Nowhere in the article is it mentioned that, for a person released on Court ordered parole, they are subject to very strict parole conditions which, if breached in any way, result in the person’s immediate return to prison without passing a Court. He ignores the fact that existing parole conditions are onerous including requirements that a parolee must see their parole officer regularly, receive visits at their home, submit to drug urine analysis, not leave the State of Queensland, engage in counselling, not commit a further offence and comply with all reasonable directions of a parole officer. If they breach any of these conditions in any way they are immediately returned to a prison for a minimum of 28 days and usually much more.

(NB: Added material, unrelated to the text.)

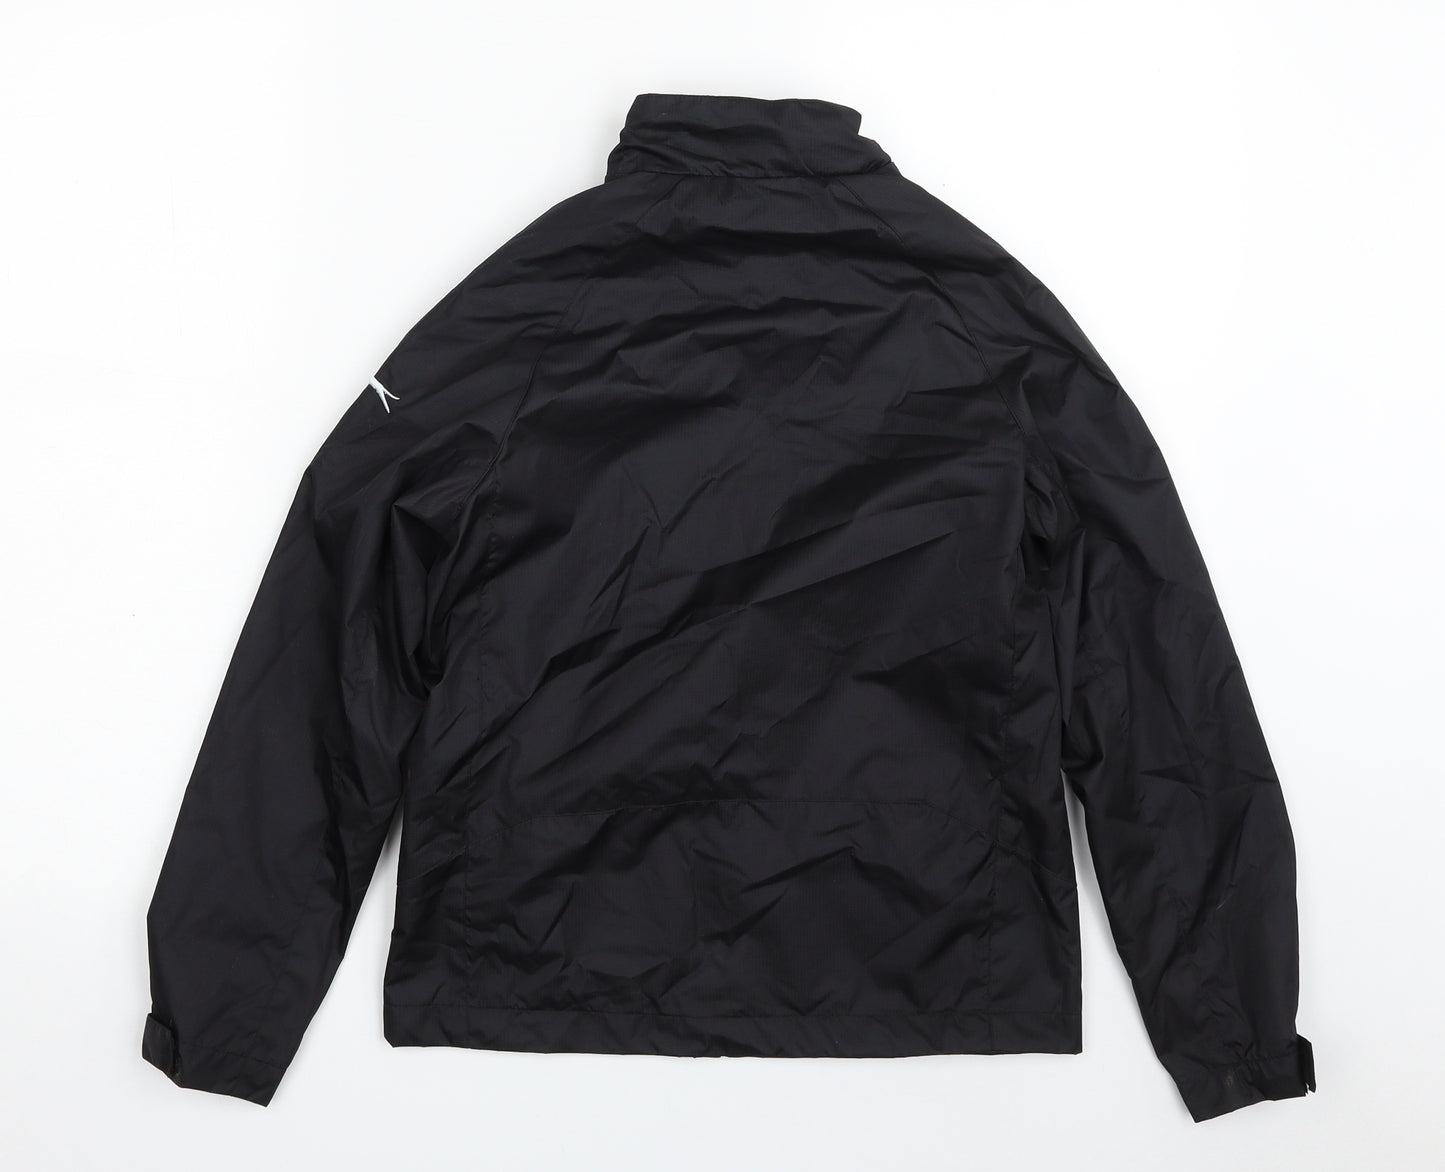 Slazenger Boys Black   Jacket  Size 9-10 Years  Zip
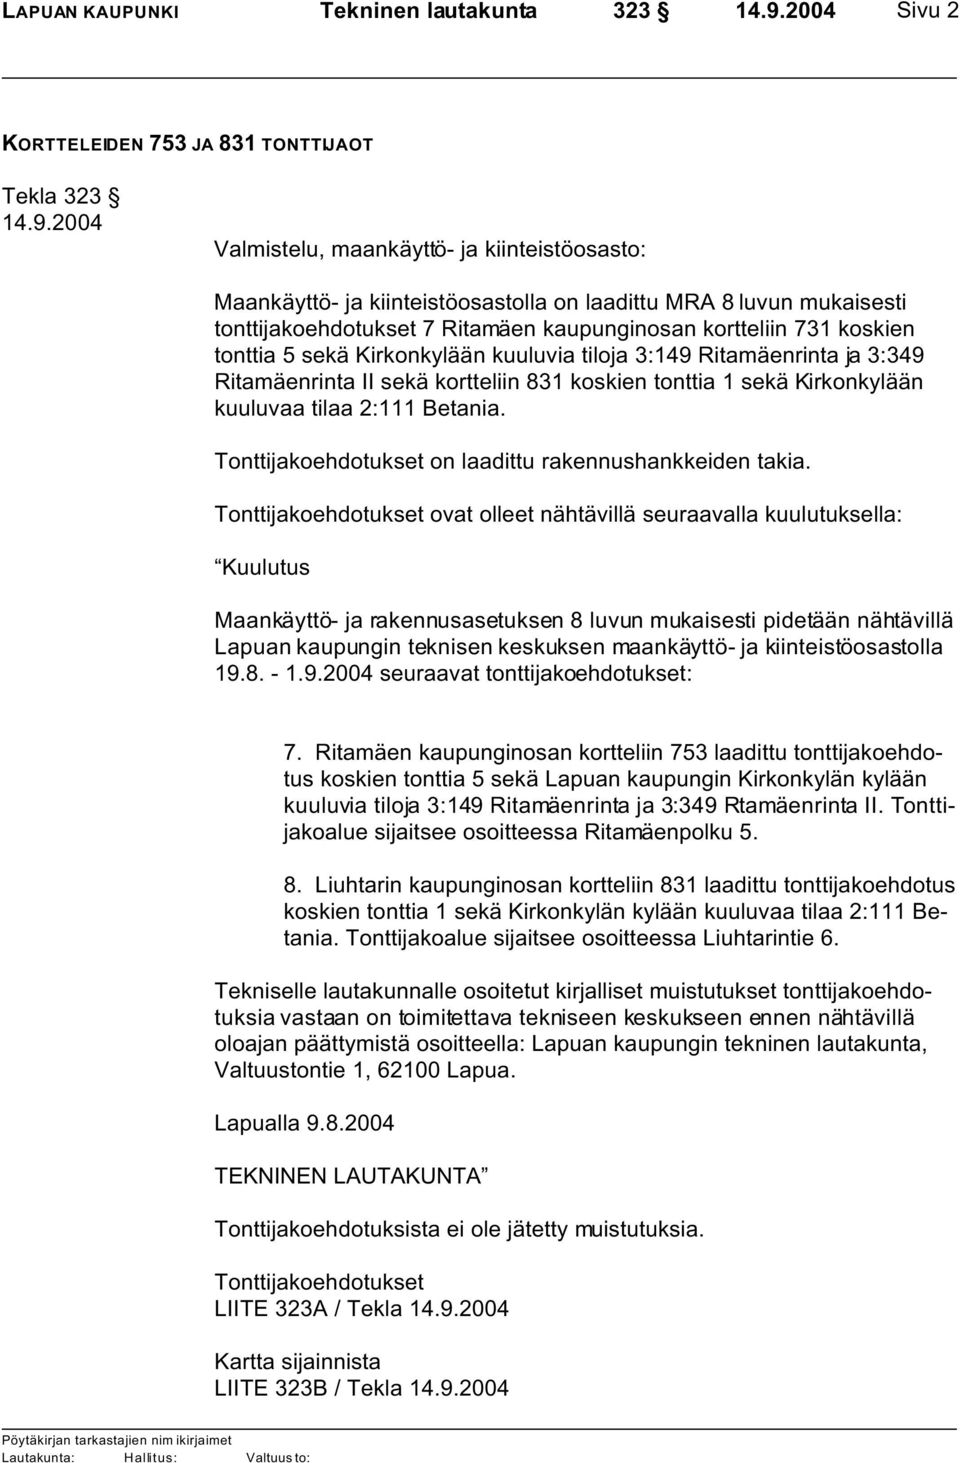 2004 Valmistelu, maankäyttö- ja kiinteistöosasto: Maankäyttö- ja kiinteistöosastolla on laadittu MRA 8 luvun mukaisesti tonttijakoehdotukset 7 Ritamäen kaupunginosan kortteliin 731 koskien tonttia 5

The existing parole framework and the strict requirements for parole ensure that a person is well supervised, personally deterred from committing further offences and importantly, gives people the opportunity to rehabilitate themselves in the community. There are already sufficient safeguards in place to ensure recidivist offending is met with harsh realities which include the immediate return to prison. This is most beneficial to the community. In a similar way, a suspended sentence is breached upon a person committing any offence punishable by imprisonment. This would include minor offences such as public nuisance and drink driving.

The problem with scrapping Court ordered parole and placing all of the power in the hands of a Parole Board is that inmates, particularly young people who deserve an opportunity to rehabilitate themselves, spend unnecessarily long periods of time in custody for no good reason and at huge taxpayer expense. It is proposals like this that result in the LNP having to close schools and sack nurses.

Current problems in the Department of Corrective Services, with the lack of available programs, will mean that people will sit in jails for long periods of time awaiting a placement on programs where their completion of that program is a prerequisite to them being released on parole. This is inherently unjust and unfair.

The idea of going direct to jail, for all offenders, is narrow minded. Young people will suffer the most. The Queensland Court of Appeal has, for a long time, recognised that jail is unlikely to have any rehabilitative effect and is in fact harmful in that it introduces young people to hardened criminals whom they might not otherwise meet and to hard drugs and it may subject them to the risk of injury or degrading conduct (R v Hamilton [2000] QCA 286).

For the Attorney to ignore the practical realities of the proposal that he so carelessly puts up demands criticism. The only hope is that the Attorney, in considering such a fundamental shift in the way Corrective Services and the Courts operates, engages in thorough and widespread consultation with lawyers and community legal centres who actually work in this field. Such consultation, with all key stakeholders, is the best way to ensure that the Attorney realises the inevitable problems arising from this law reform agenda.